Sur les frais liés au litige :
5. Il y a lieu, dans les circonstances de l’espèce, de mettre à la charge de l’Etat, qui est la partie perdante dans la présente instance, la somme de 1 500 euros à verser à M. B… en application de l’article L. 761-1 du code de justice administrative.
D E C I D E :
Article 1er : La décision de refus de titre de séjour du préfet de police du 13 novembre 2024 est annulée.
Article 2 : Il est enjoint au préfet de police de délivrer un titre de séjour mention « vie privée et familiale » à M. B… dans le délai de deux mois à compter de la notification du présent jugement.
Article 3 : L’Etat versera à M. B… une somme de 1 500 euros au titre de l’article L. 761-1 du code de justice administrative.
Article 4 : Le présent jugement sera notifié à M. A… B… et au préfet de police.

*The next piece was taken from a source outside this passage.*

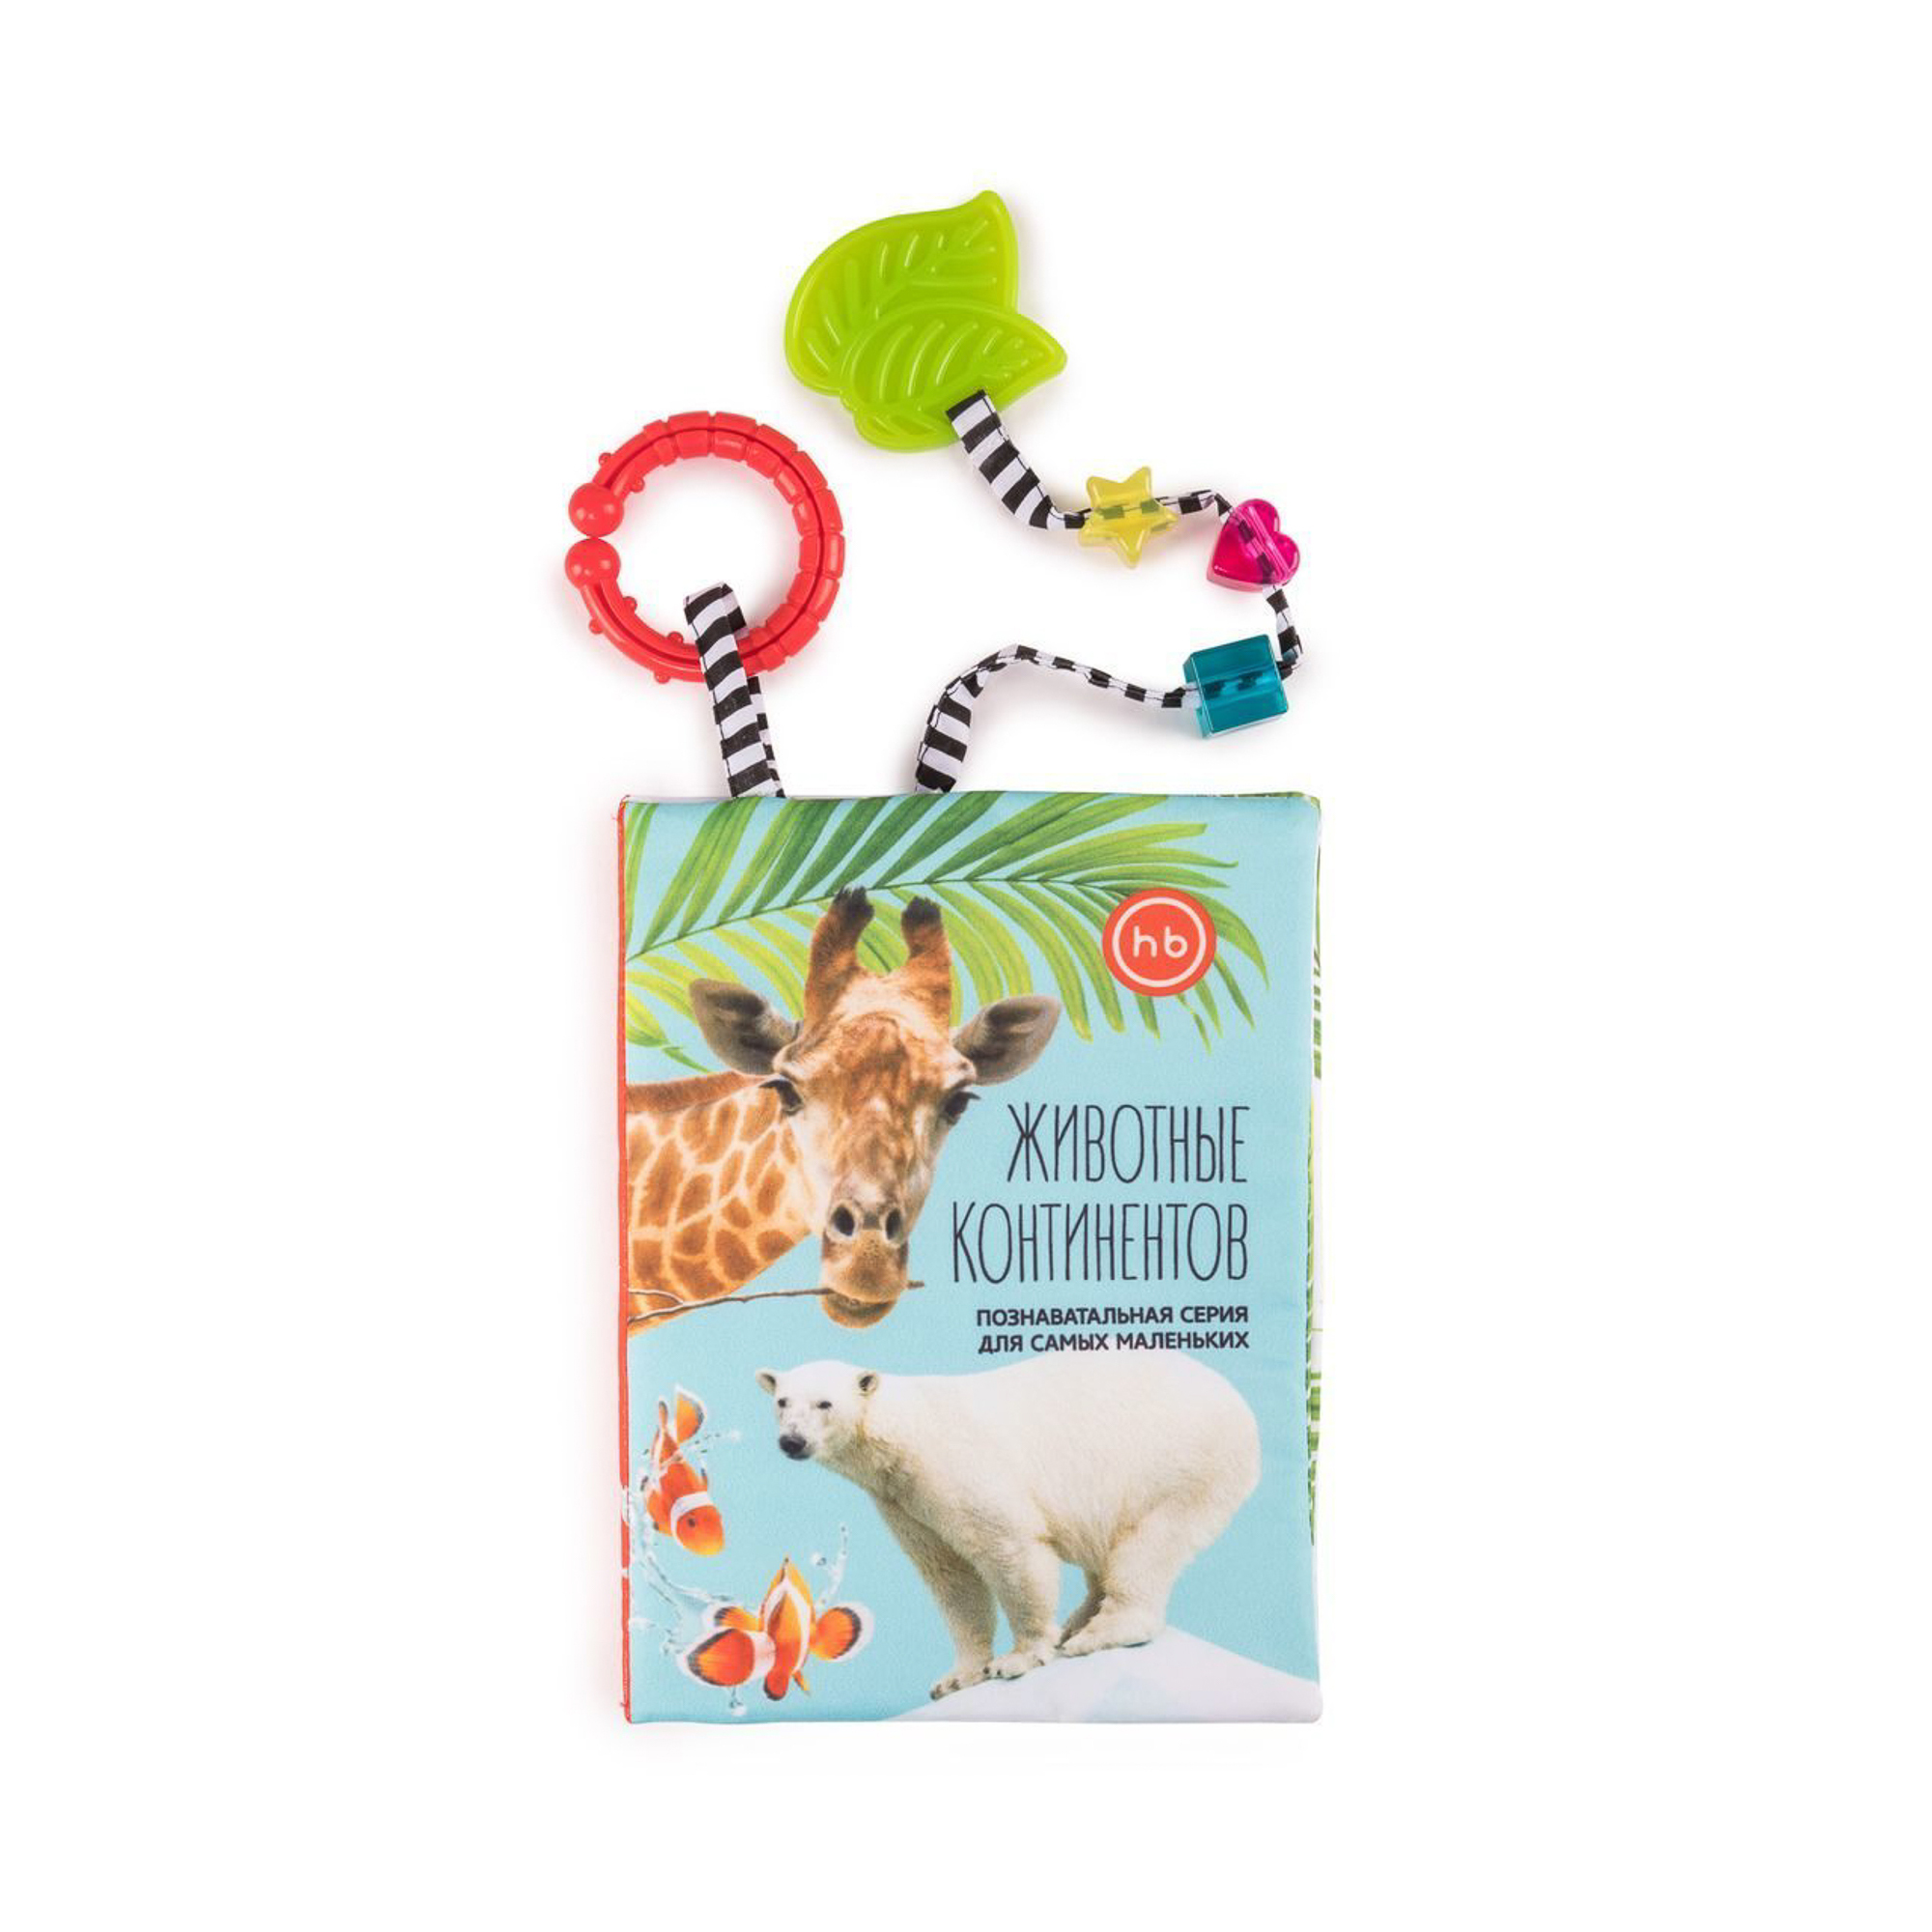 фото Книжка-игрушка happy baby животные континентов

Copie en sera adressée, pour information, au ministre de l’intérieur.
Délibéré après l’audience du 9 janvier 2026, à laquelle siégeaient :
Mme Aubert, présidente,
M. Julinet, premier conseiller,
Mme Chounet, première conseillère.
Rendu public par mise à disposition au greffe le 23 janvier 2026.
La présidente-rapporteure,
S. AUBERT
L’assesseur le plus ancien,
S. JULINET
La greffière,
A. LOUART
La République mande et ordonne au préfet de police, en ce qui le concerne, ou à tous commissaires de justice à ce requis en ce qui concerne les voies de droit commun contre les parties privées, de pourvoir à l’exécution de la présente décision.